Je déteste l'accent de désespoir dans ma voix. Elle ne va pas me lâcher, évidemment :
- Comment est-ce que tu as pu sortir en pleine nuit ? me demande-t-elle en se rapprochant subrepticement.
- Et toi ? je lui rétorque, narquoise.
Elle hausse les épaules :
- Ils ne me surveillent pas. Ils n'en ont pas besoin : ils me tiennent et ils le savent. Si je tente de m'échapper, ils tueront toute ma famille.
Je reste silencieuse. Même devant le constat terrible de la situation qui est la sienne, elle semble animée d'une sérénité inébranlable. Il émane d'elle une force silencieuse, un calme magnétique, grave, posé, qui me fait la détester plus que jamais, car aujourd'hui, Ginny Weasley apparait bel et bien comme l'héroïne de l'histoire. La reine, la jeune fille courageuse qui reste digne même dans la défaite, qui n'a pas courbé l'échine face aux malheurs du monde. Harry est mort, bordel de merde ! Comment peut-elle tenir encore sur ses jambes ?

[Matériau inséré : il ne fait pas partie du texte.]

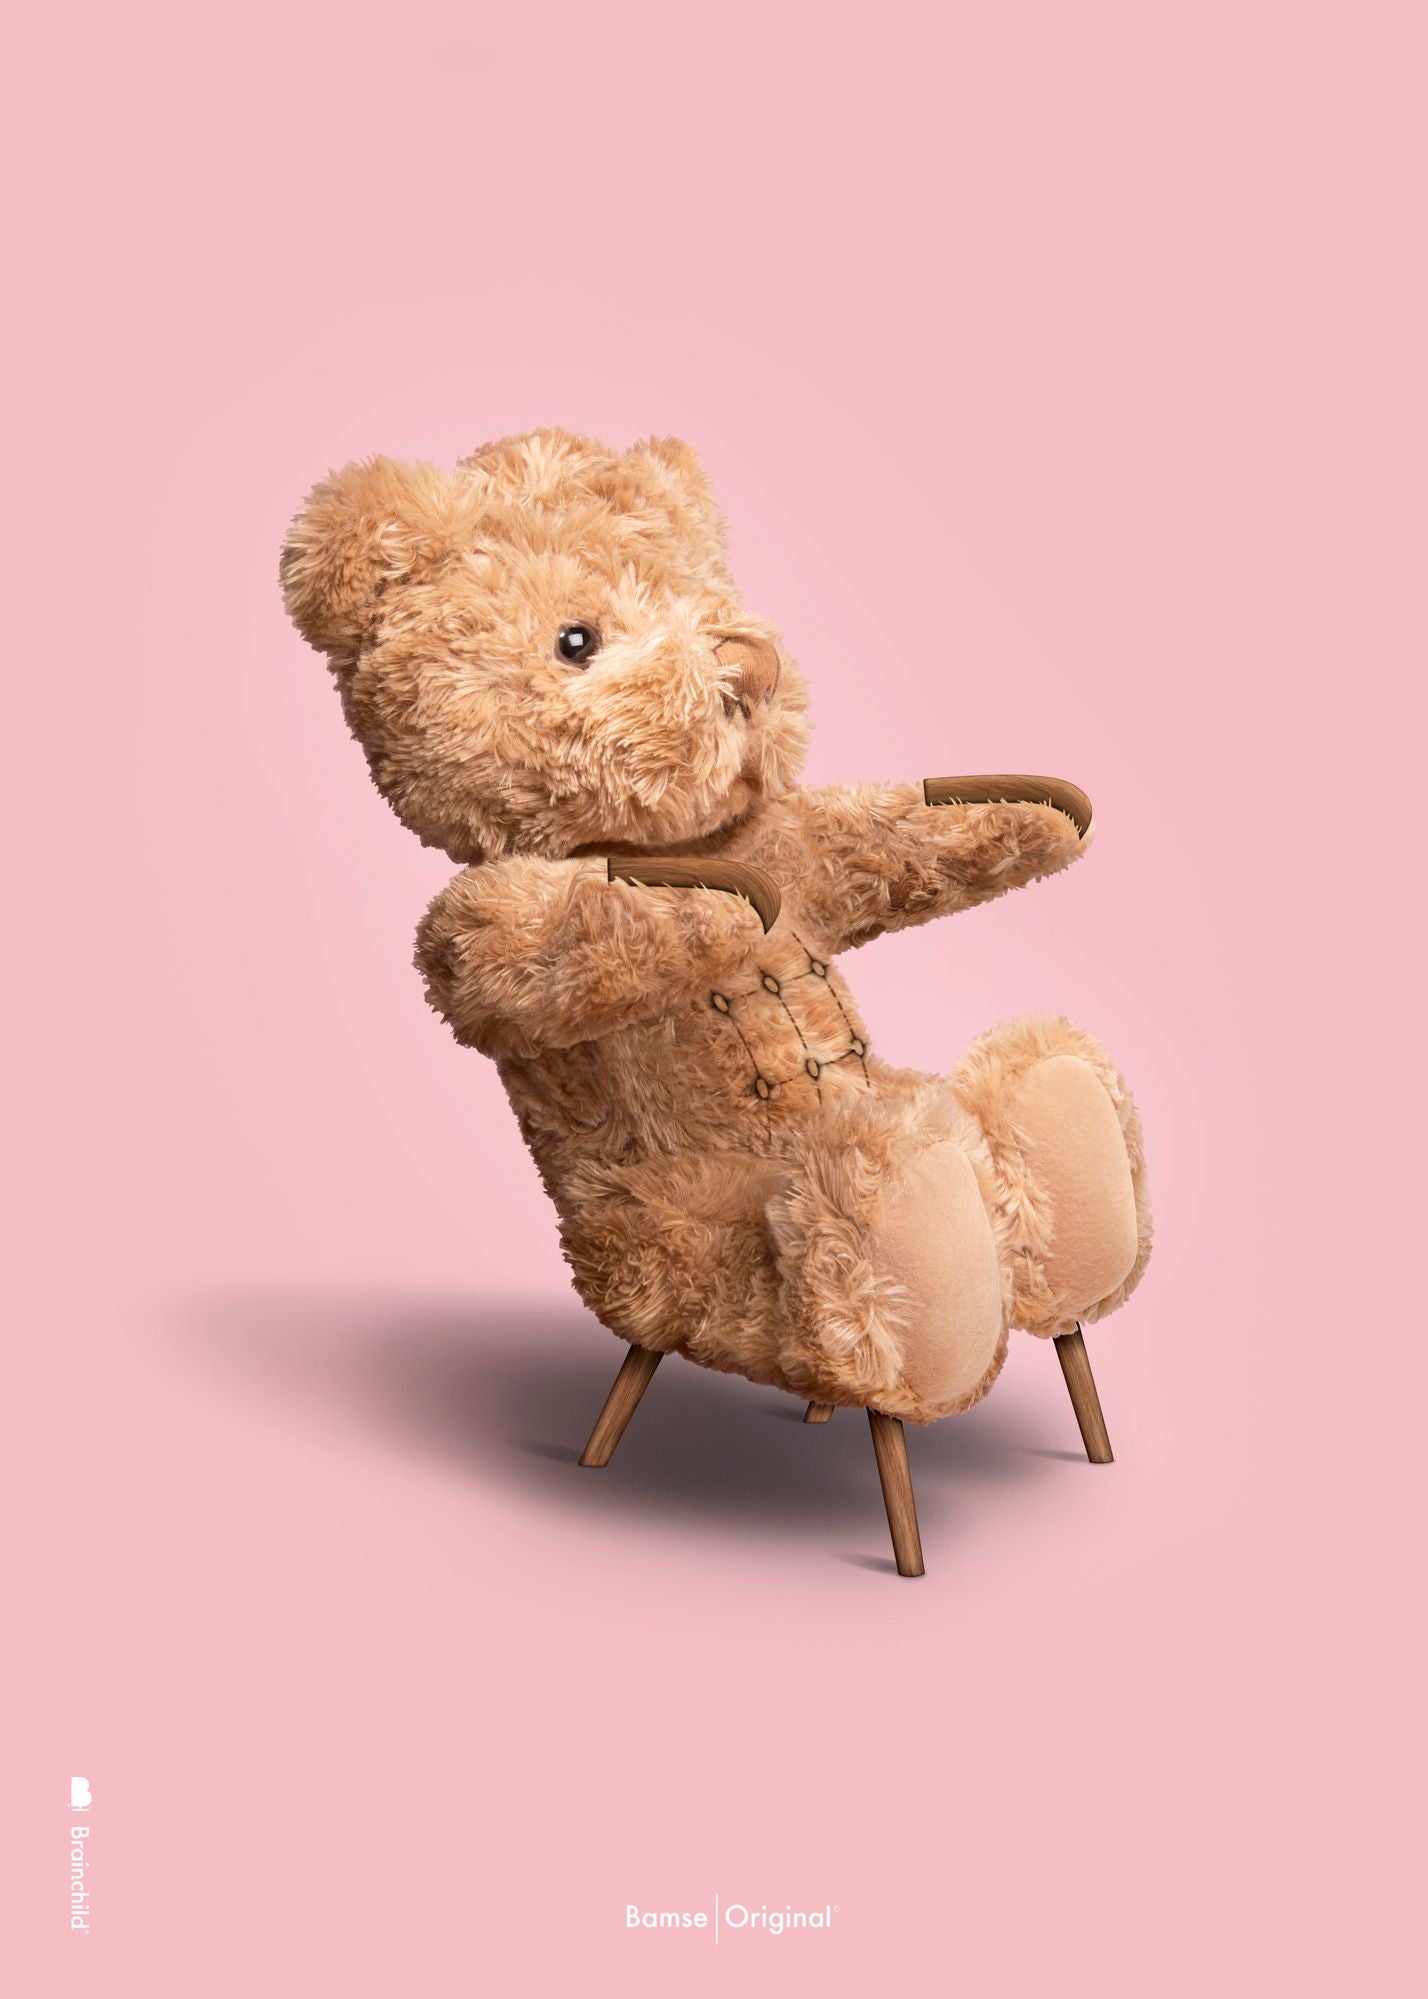 Poster classico orsacchiotto di orsacchiotto senza cornice A5, sfondo rosa

- Cho..., articule Ginny doucement. Tu ne devrais pas faire ça.
- Laisse-moi seule, s'il-te-plait !
- Tu ne peux pas me demander ça. Pas maintenant que je t'ai trouvée comme ça.

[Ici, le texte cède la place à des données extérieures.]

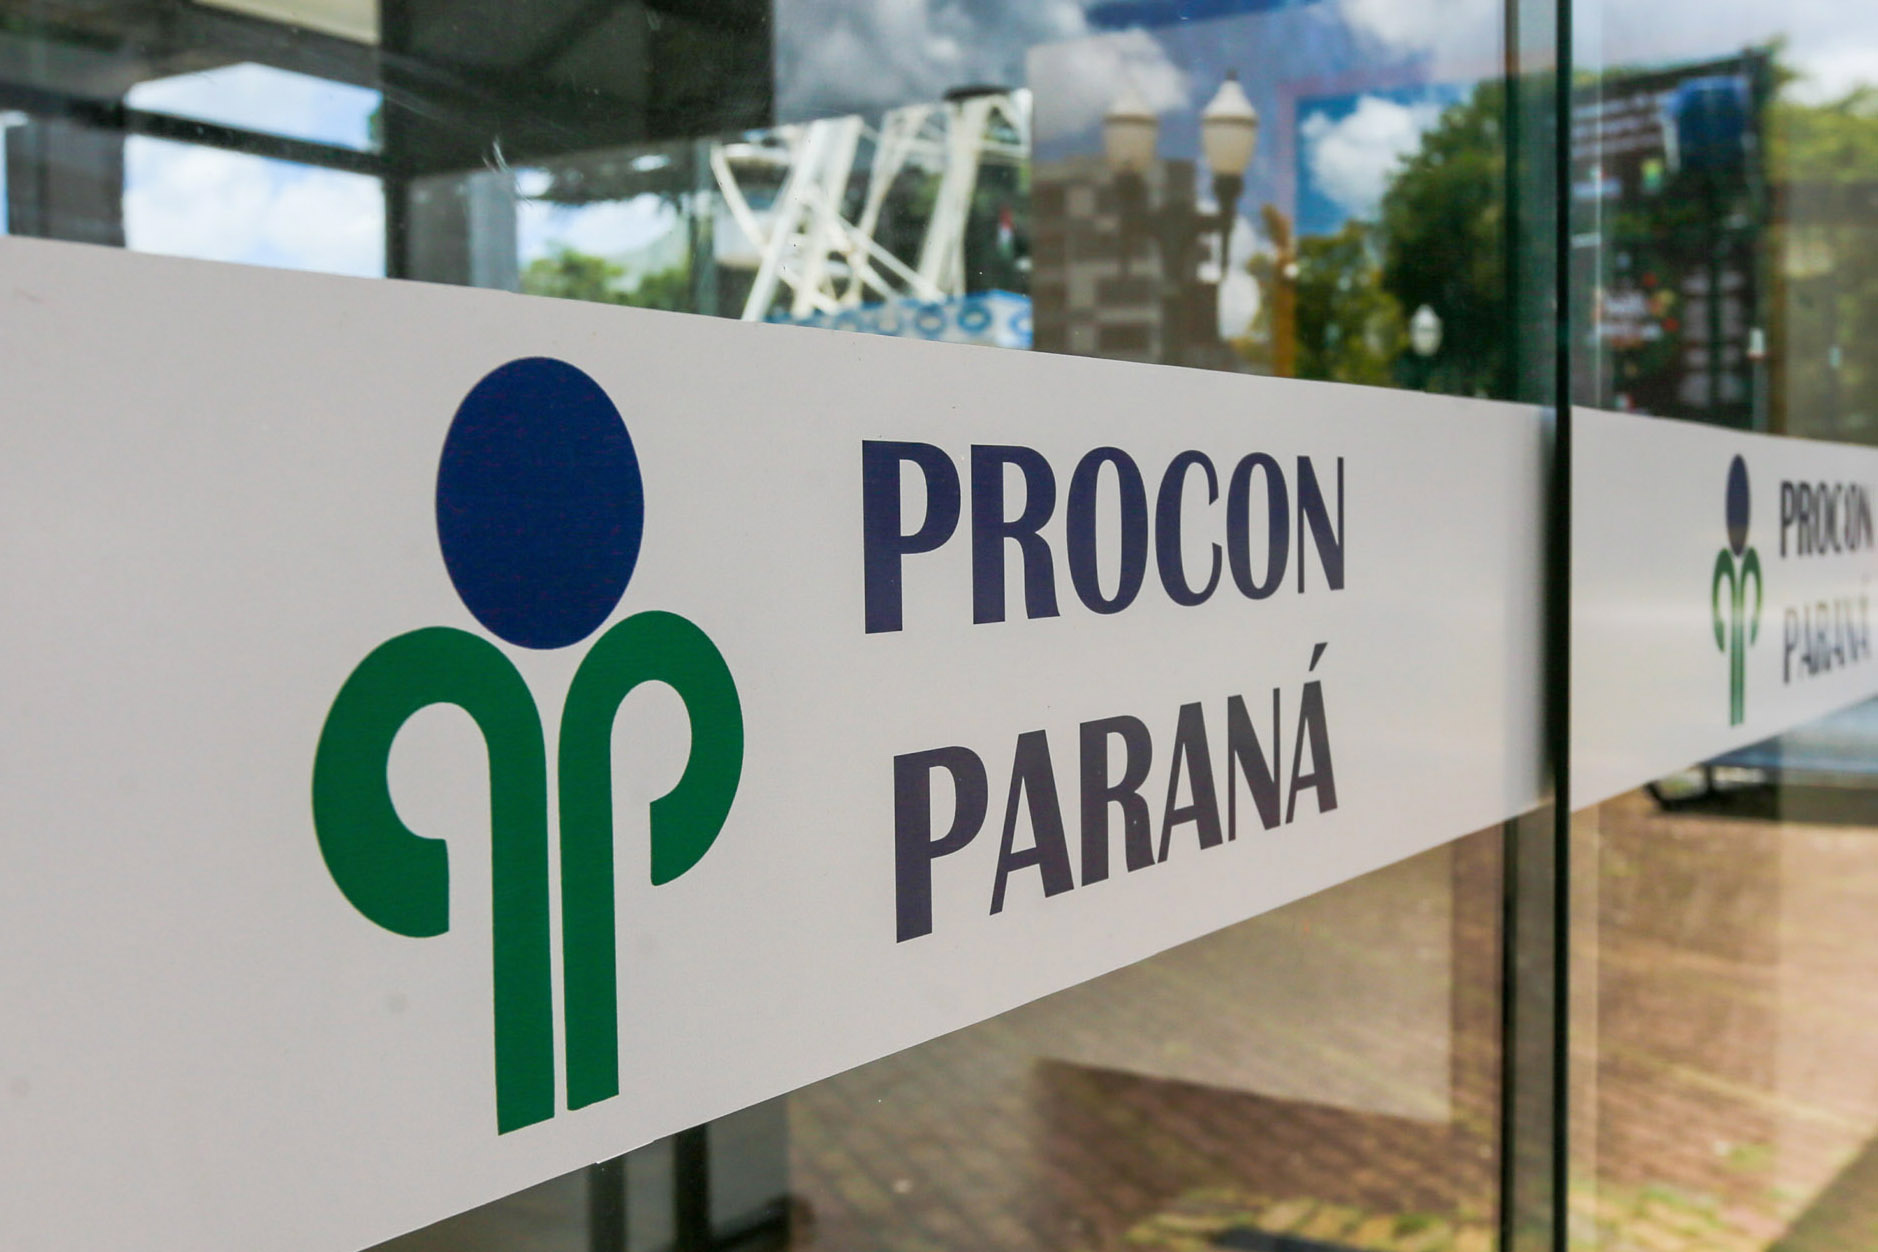 PROCON-PR oferece cursos gratuitos sobre Direitos do Consumidor

- Mais qu'est-ce que tu peux bien en avoir à foutre de moi ?! Laisse-moi crever comme tous les autres et fous-moi la paix !

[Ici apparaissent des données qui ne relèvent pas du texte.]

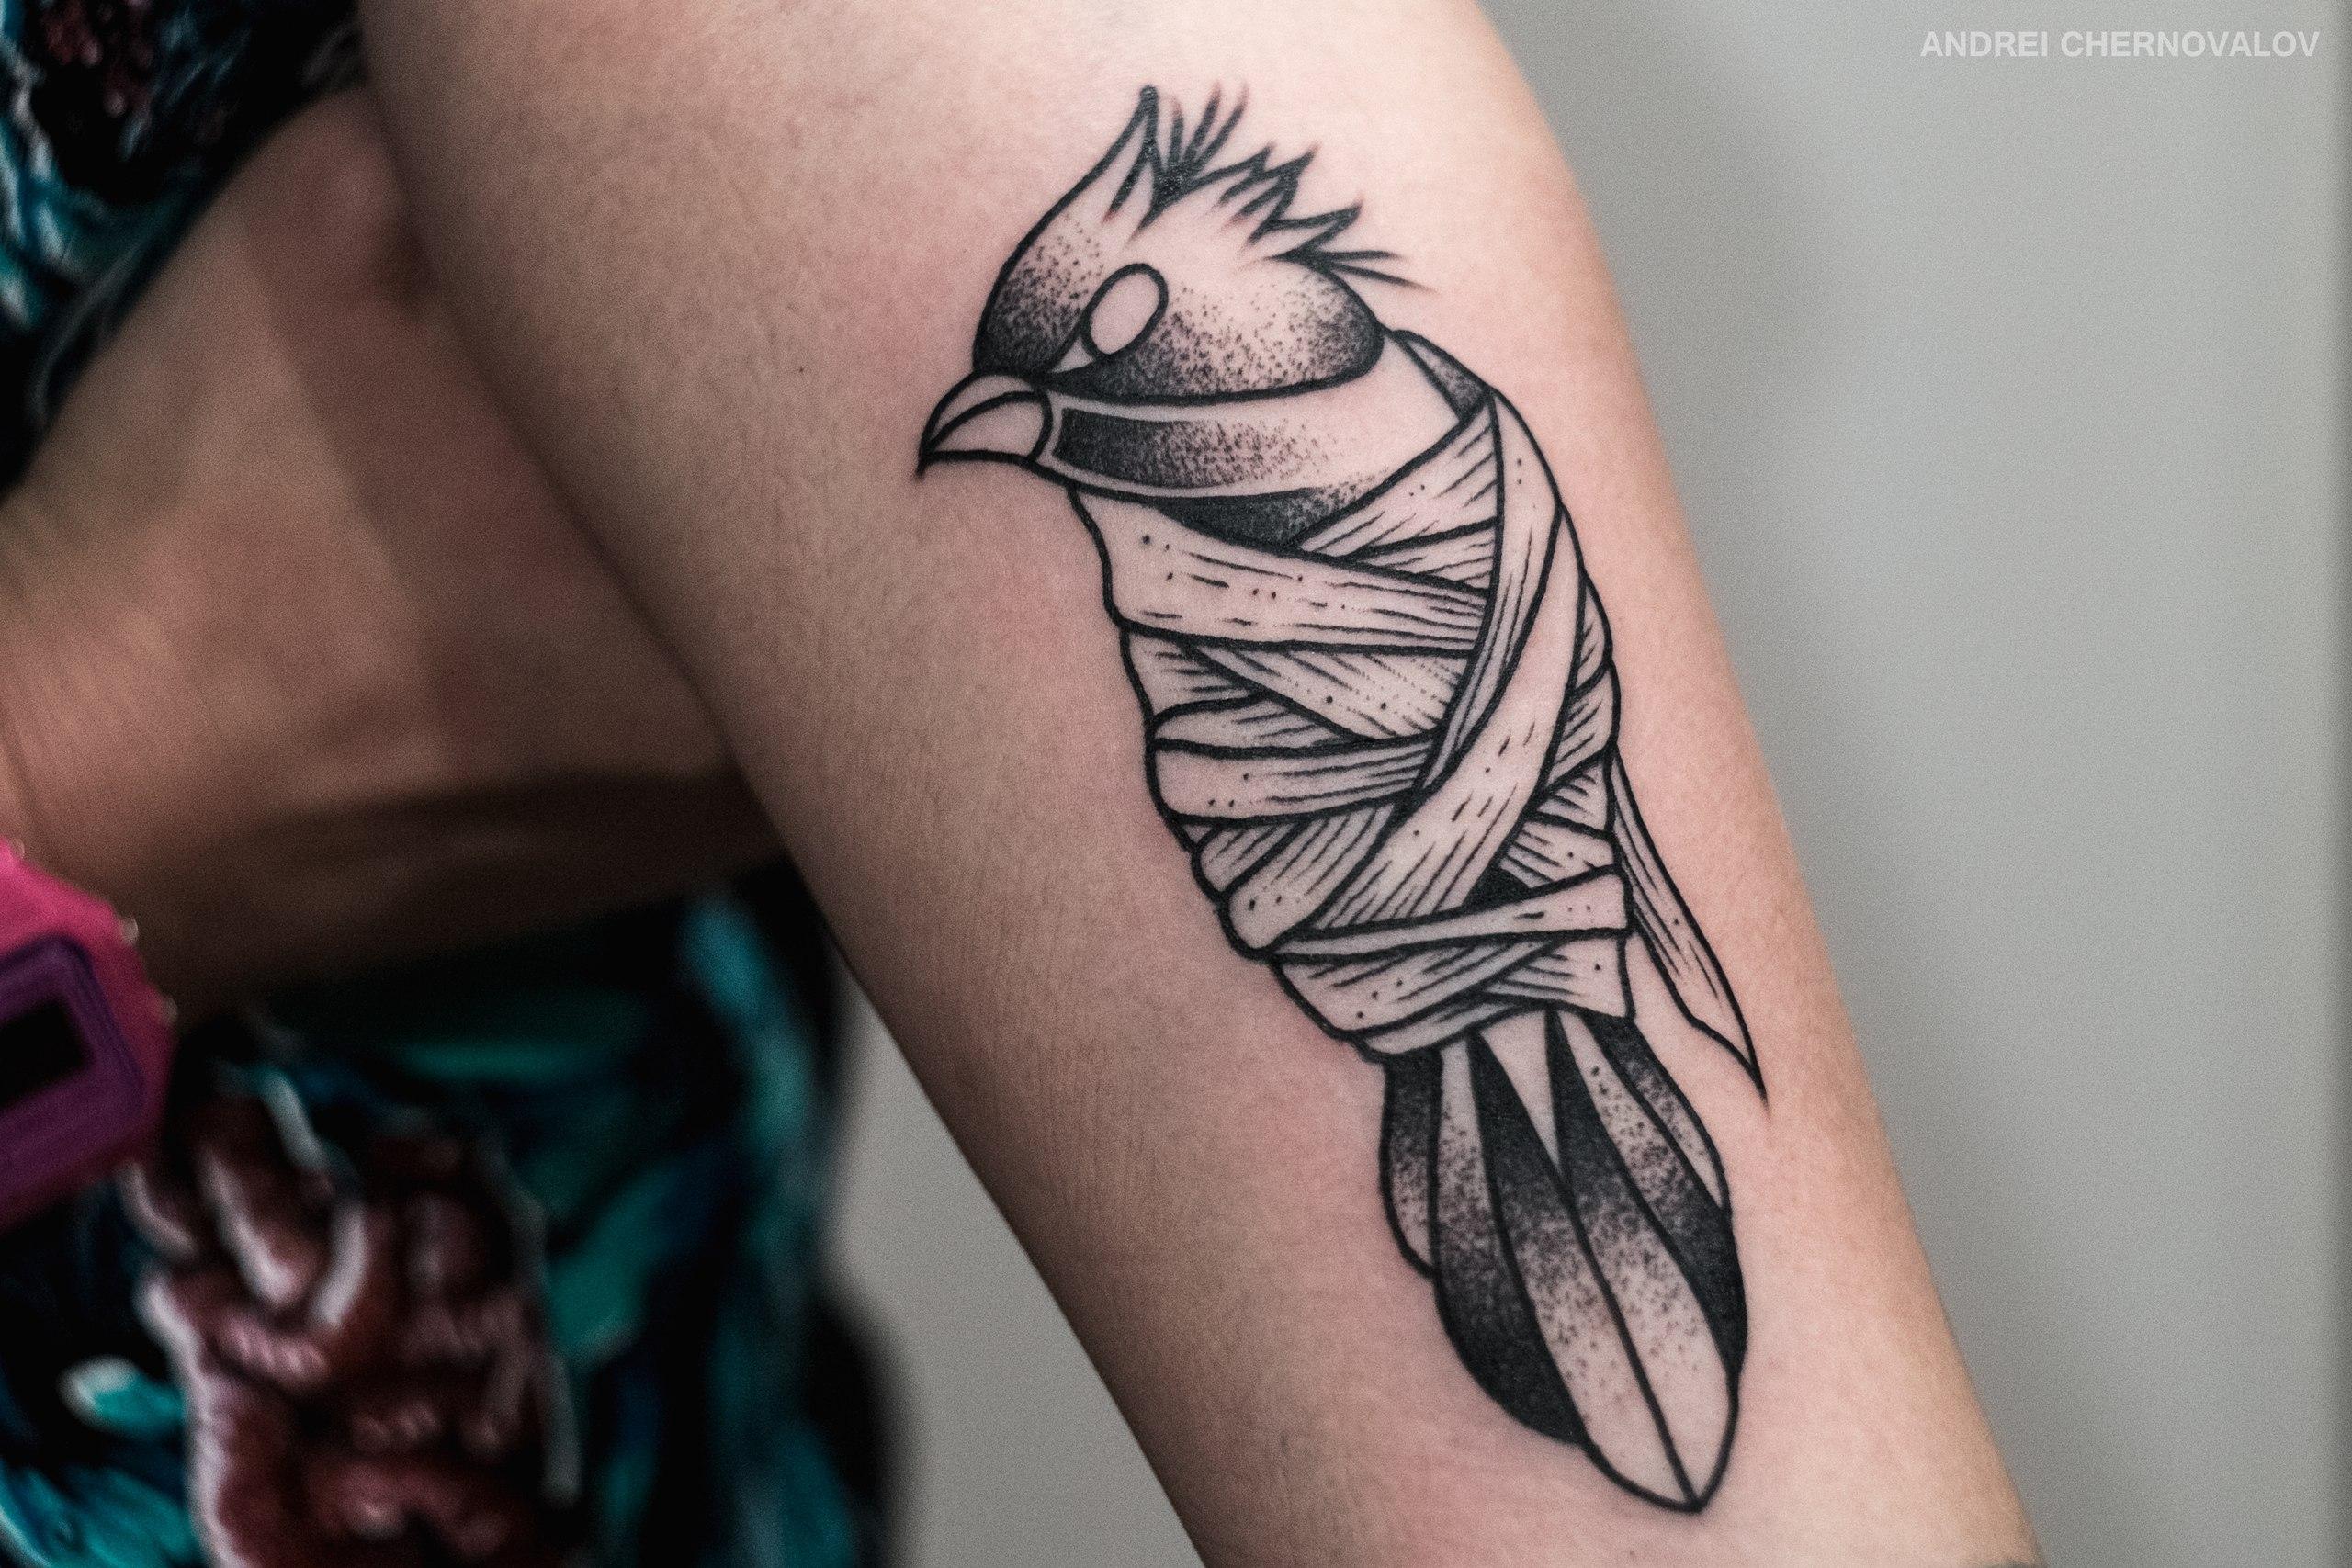 Художественная татуировка «Птица». Мастер — Андрей Черновалов.

Ma réplique lui fait l'effet d'une baffe. Pourtant, elle ne recule pas :
- Cho, murmure-t-elle comme si j'étais trop stupide pour la comprendre. Tout n'est pas encore perdu. Nous avons des alliés entre ces murs. Il ne faut pas perdre espoir.
Je ricane :
- Quel espoir ? Quels alliés ? Et même si nous triomphions par miracle demain, pour quoi est-ce que je vivrais ? Qu'est-ce qu'il me reste, à moi ? Tu m'as tout pris !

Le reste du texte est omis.